O BC (Banco Central) alertou para uma piora no cenário de inflação na ata da última reunião do Copom (Comitê de Política Monetária). A autarquia aponta o cenário externo, os estímulos ao consumo e a falta de contenção fiscal como fatores que pesam contra o combate à inflação, além de destacar a diferença entre as expectativas do mercado e as do governo.
Apesar de ter decidido cortar a Selic em 0,25 ponto percentual na reunião mais recente, o Copom condicionou novas reduções dos juros a uma melhora nas projeções de inflação, perspectiva que, segundo os diretores da autarquia, não está no horizonte. O cenário para os preços piorou tanto para o ano corrente quanto para 2027 e 2028.
Riscos externos e internos
O Banco Central elenca a guerra no Oriente Médio, o El Niño e a desancoragem das expectativas entre os principais riscos externos. No âmbito doméstico, a autarquia cita a perda de energia no esforço de reformas estruturais de disciplina fiscal, o aumento do crédito direcionado e as incertezas sobre a estabilização da dívida pública como fatores negativos.

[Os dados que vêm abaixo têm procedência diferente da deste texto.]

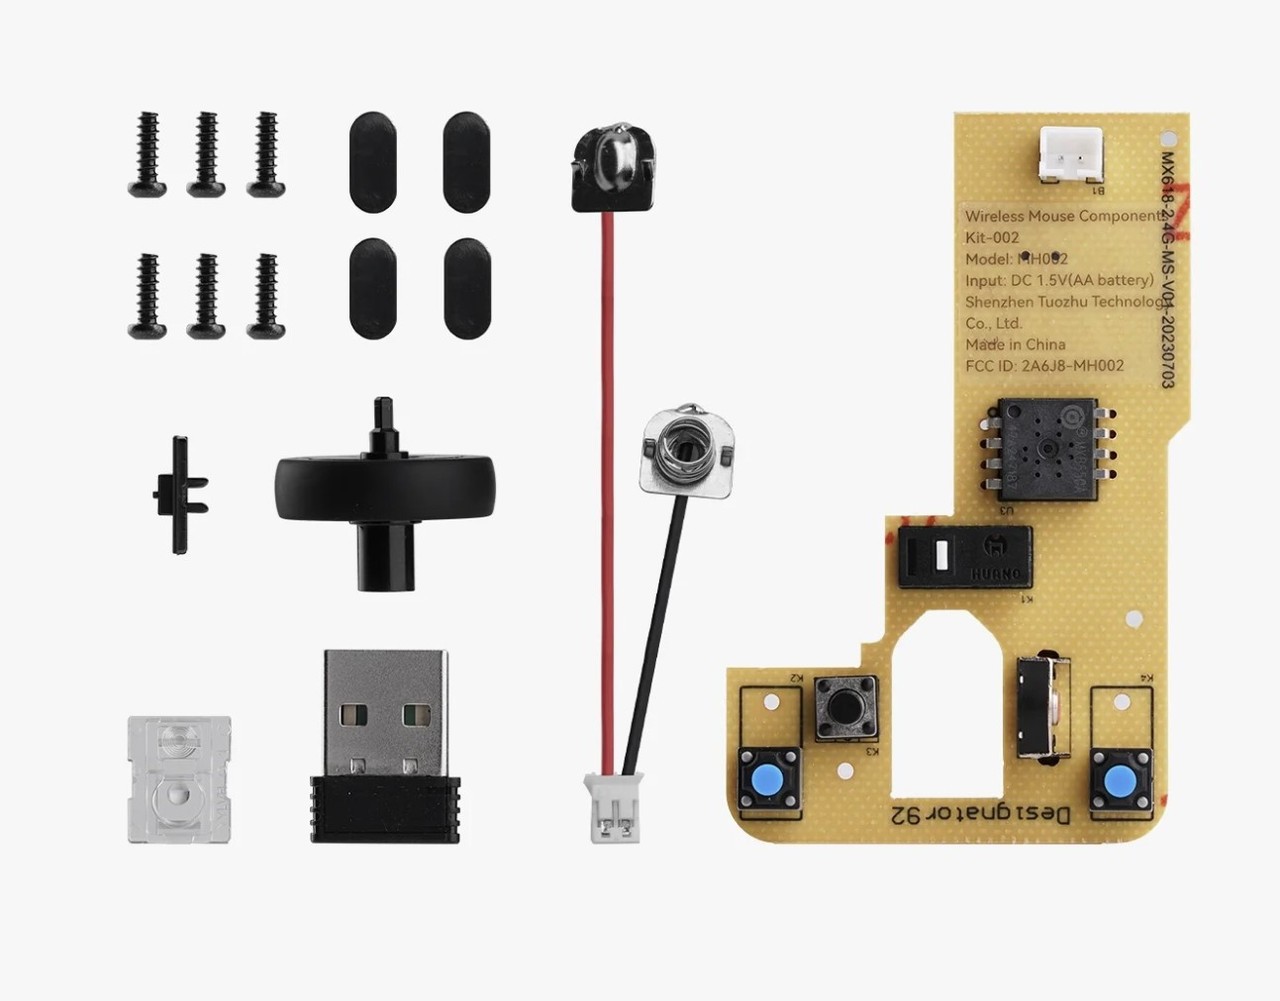 Wireless Mouse Components Kit 002 - фото 3 - id-p115896753
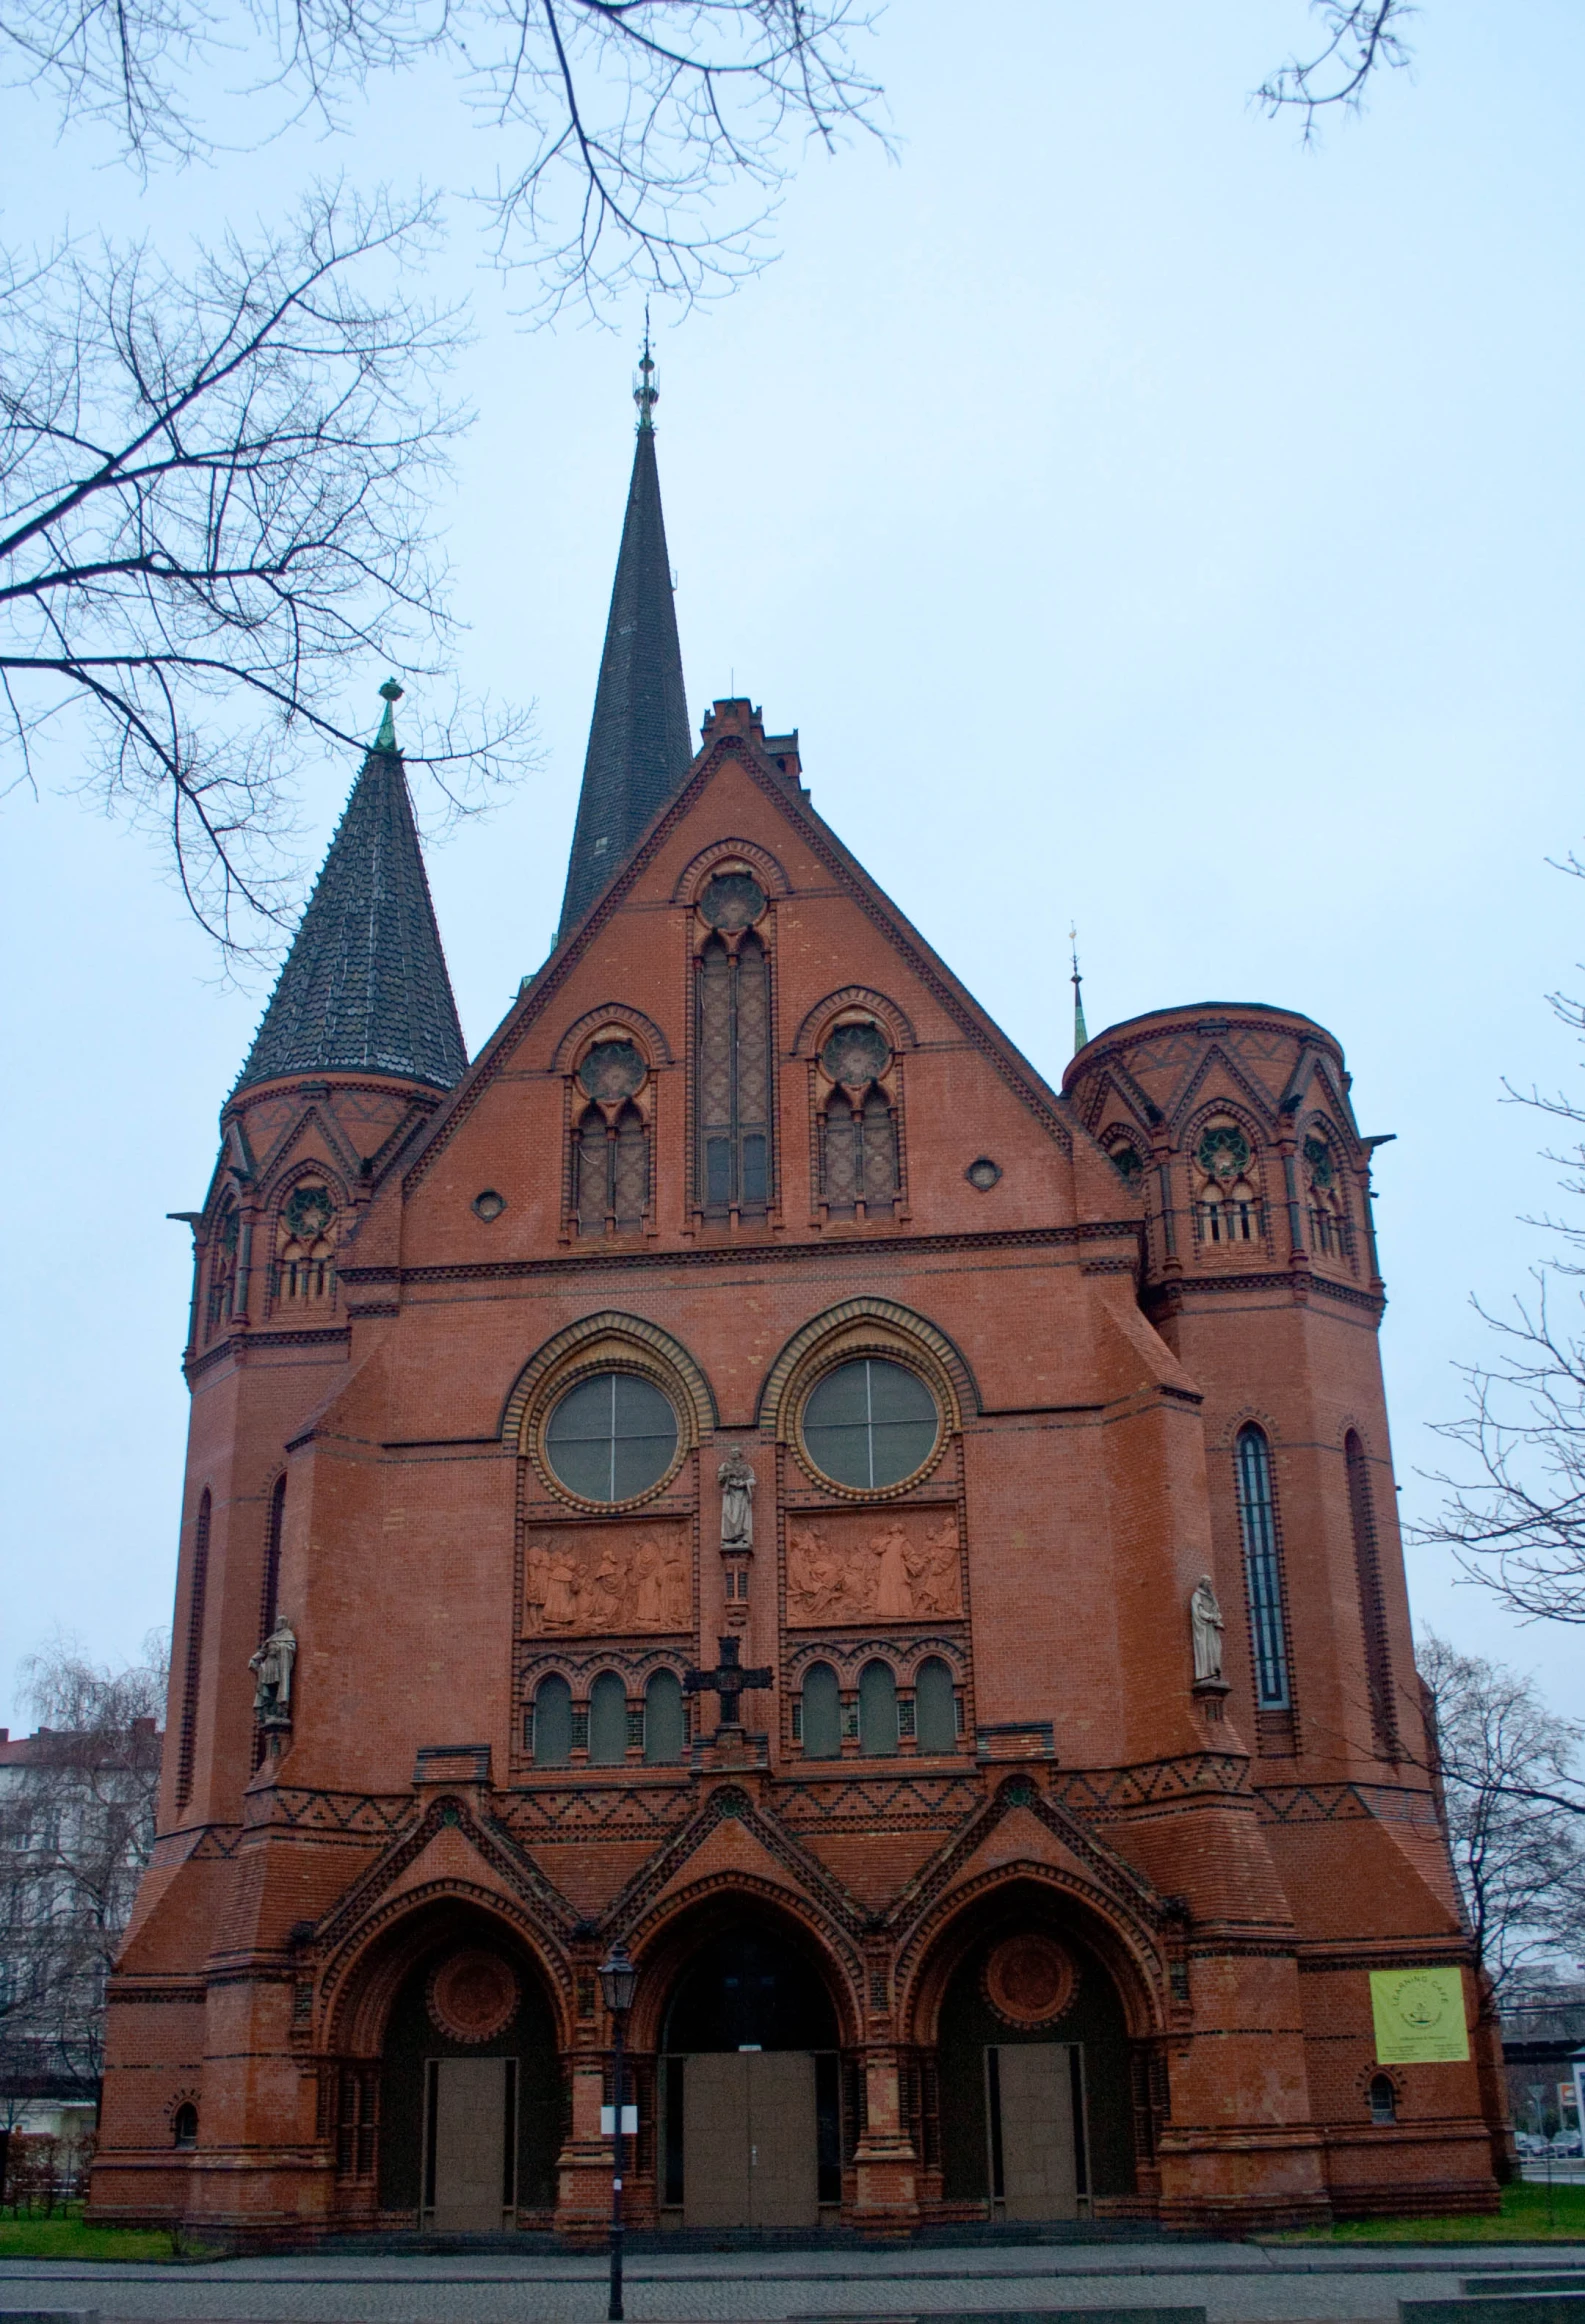 this is an old church built in gothic style

Desde o início do ano, o governo já injetou quase R$ 190 bilhões em programas, subsídios e reforços orçamentários.
No debate sobre a expansão fiscal, a pesquisadora da FGV (Fundação Getúlio Vargas) e consultora econômica Tatiana Pinheiro destacou que o gasto tributário total orçado para o ano é da ordem de R$ 650 bilhões, sendo o Simples Nacional a maior subvenção dentro desse montante.